Often, it is useful to create a heat-map from a data image to visualise its content. This function offers a few controls to generate heat maps from single-channel images or the luminance of a color image. You can select more than one image to process at once.

 

Palette

There are 3 different palettes you can choose from: Classic, Fire and Hue

Custom Display Range

When this is un-checked, the heat map is displayed using the pixels' min-max values, otherwise it uses fixed values of your choice.
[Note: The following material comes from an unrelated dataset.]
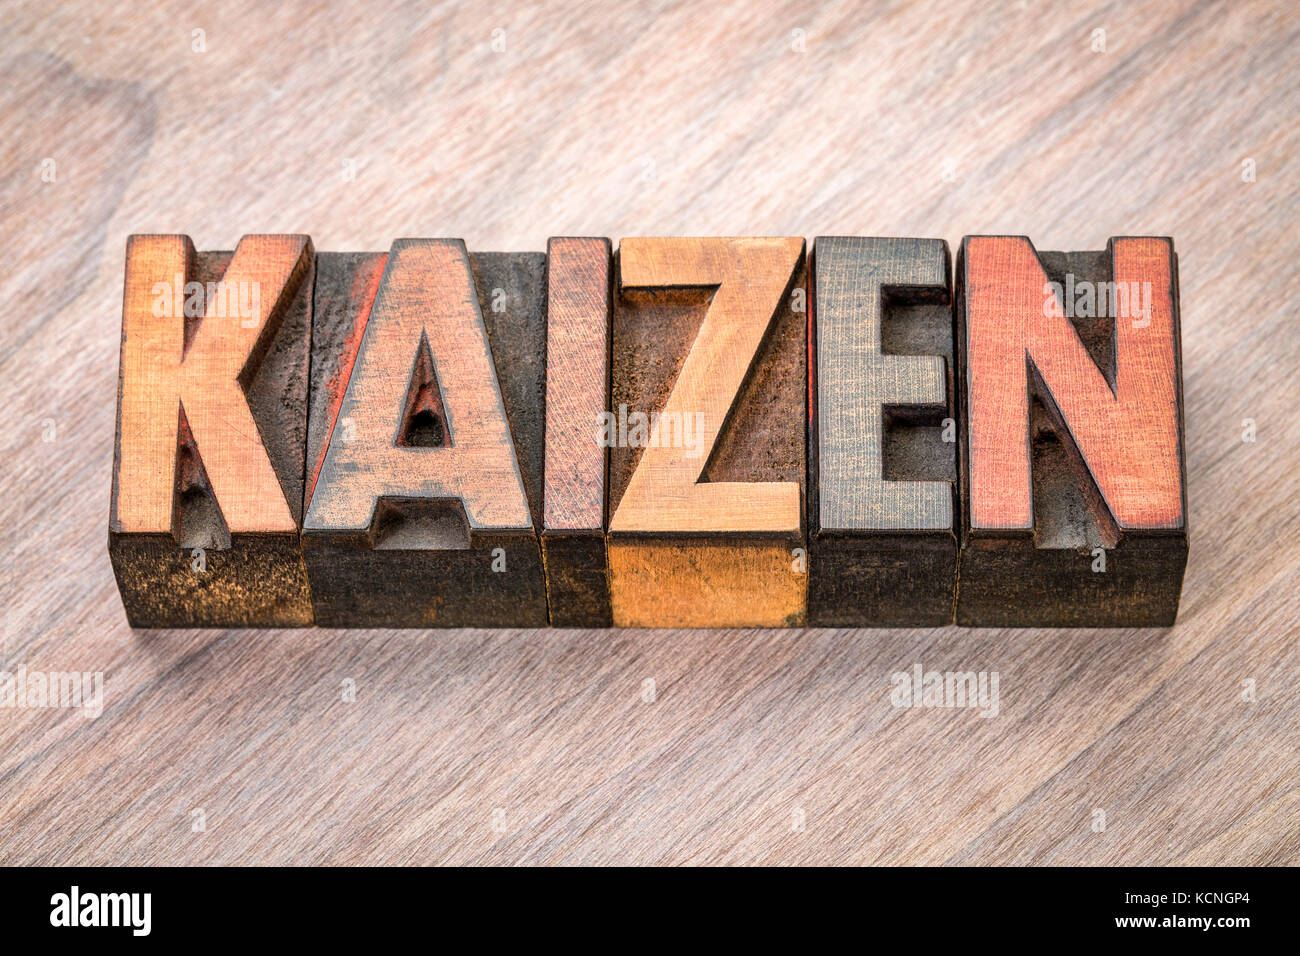 Kaizen - Kontinuierliche Verbesserung der japanischen Begriff - Wort in Vintage buchdruck Holz Art Abstract Stockfoto

It is useful to use a fixed range when comparing different images, like the sampleCount AOV for different renders.

  • Normalization Min Value: the lowest value visualised.
  • Normalization Max Value: the highest value visualised.

Text

You can add some text at the bottom of the image with the minimum, maximum and average values, plus a couple of optional fields:

  • Font: choose a font you like
  • Font size: adjust the font size, bearing in mind that everything must fit on a single line.
  • Display Range: display the custom display range values.
  • Notes: display any notes the source image might hold.

Isolate Values

This simple command replaces with black any values that don't pass your test. You can compare the pixel value or luminance to a fixed value, using <, <=, ==, >= and >.

This is useful to find specific values in an image.

Dump Metadata to message log

Retrieve an image's metadata and display it in the message log window. Note that only loaded images have metadata.